▶ _Required work_:
Pictures excluded, set down exactly the lines from the one containing "Los Warriors de" through the final line of the material, and only those.

▶ _Given information_:
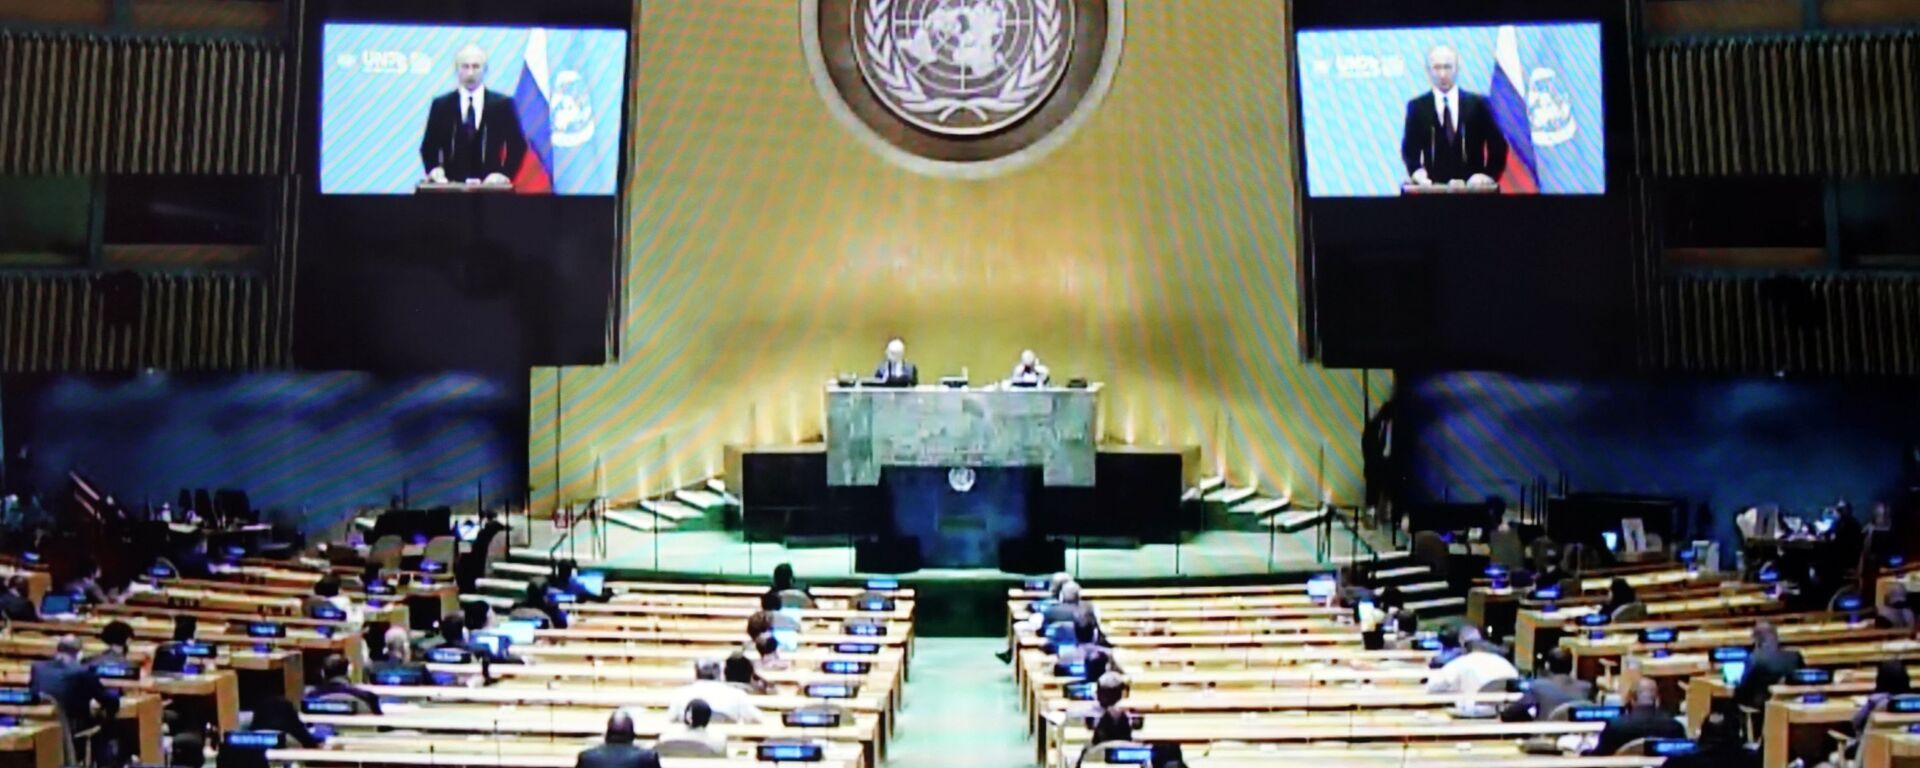 اجتماع الدورة الـ 75 للجمعية العامة، الأمم المتحدة 22 سبتمبر 2020 - سبوتنيك عربي, 1920, 25.05.2021
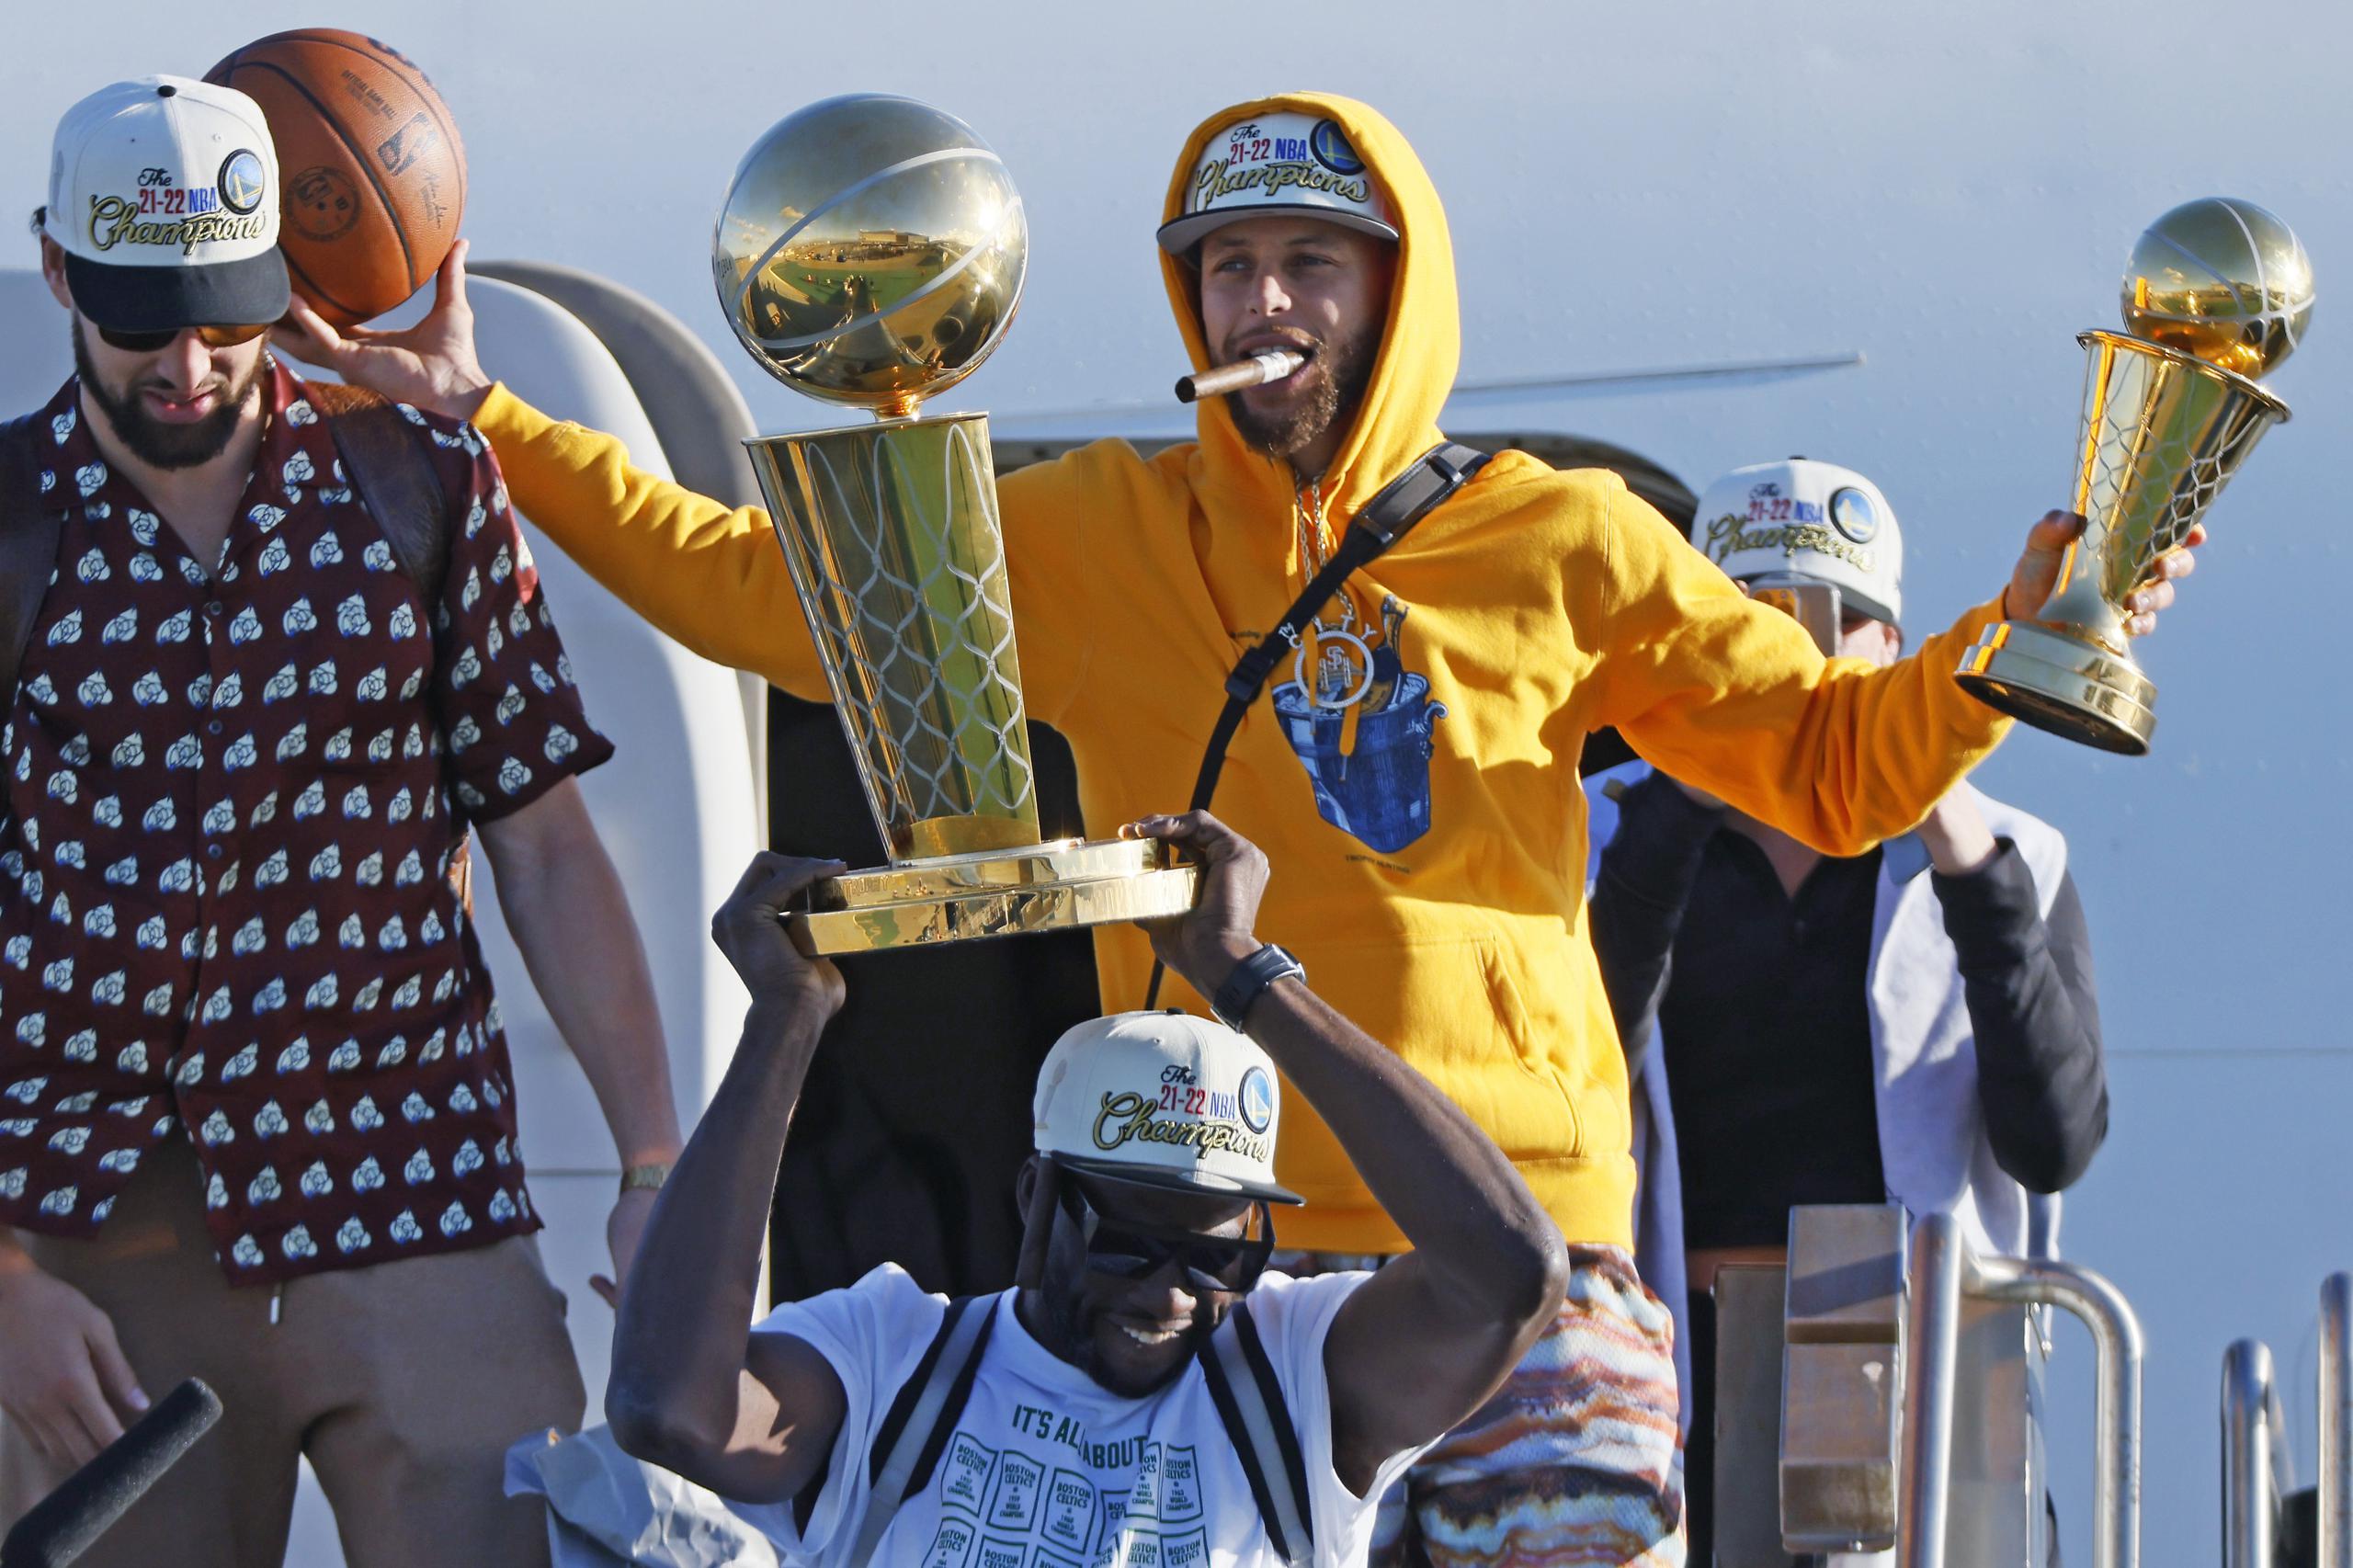 Los Warriors de Golden State, incluido Stephen Curry, sosteniendo su trofeo como el Más Valioso de la final de la NBA, arribaron ayer al aeropuerto de San Francisco tras derrotar el jueves a los Celtics de Boston.
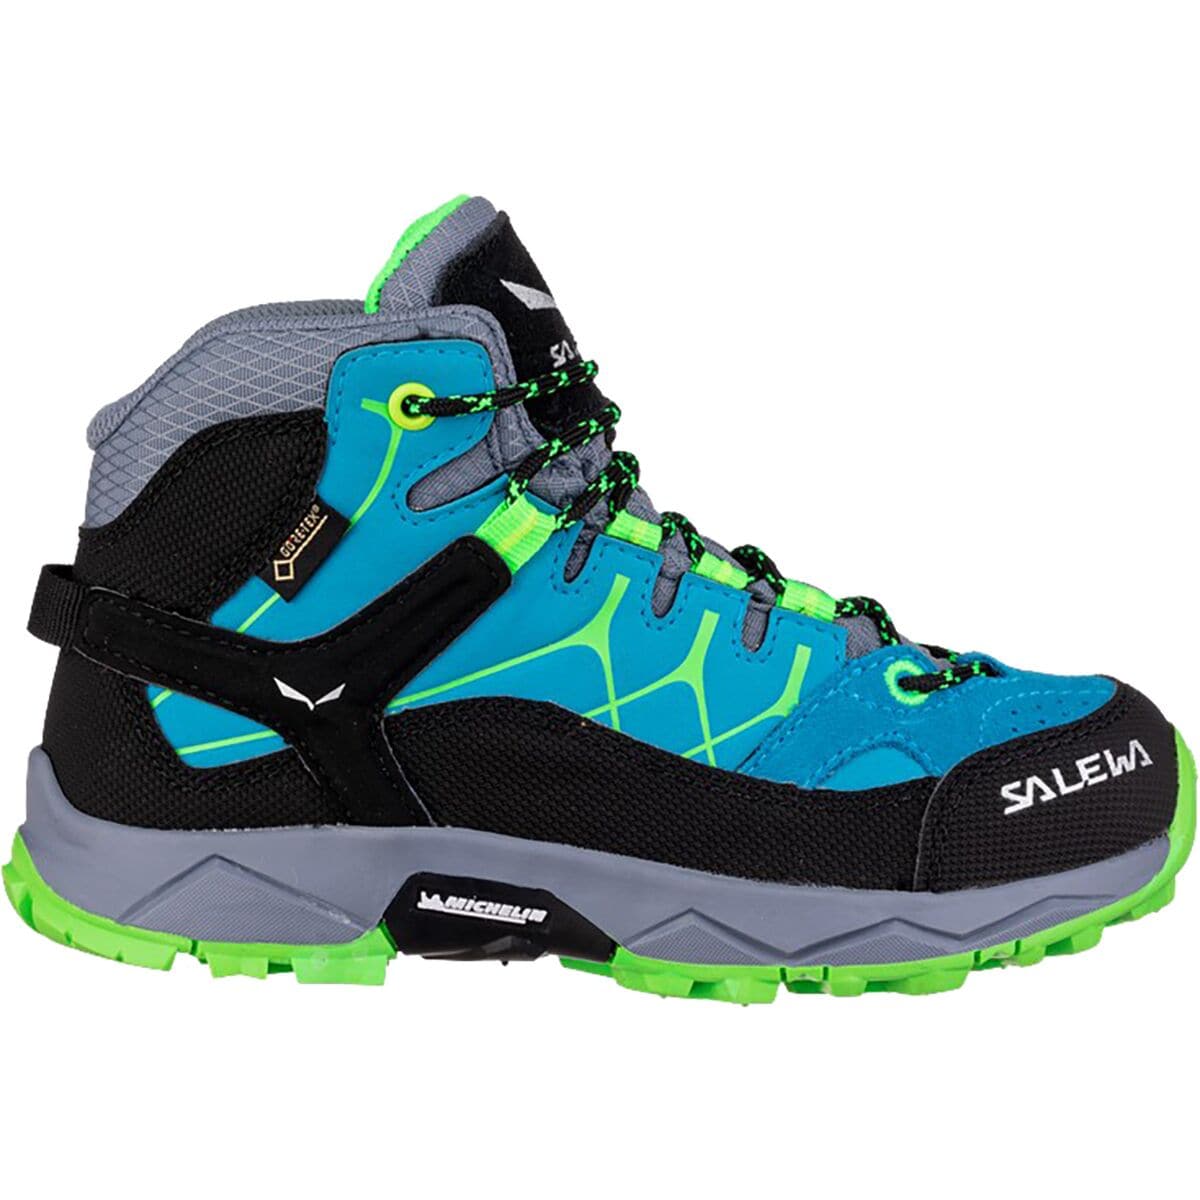 Salewa Alp Trainer Mid GTX Hiking Boot - Kids' Blue Danube/Fluo Green 1.0

▶ _Answer to this task_:
 Los Warriors de Golden State, incluido Stephen Curry, sosteniendo su trofeo como el Más Valioso de la final de la NBA, arribaron ayer al aeropuerto de San Francisco tras derrotar el jueves a los Celtics de Boston.
 Salewa Alp Trainer Mid GTX Hiking Boot - Kids' Blue Danube/Fluo Green 1.0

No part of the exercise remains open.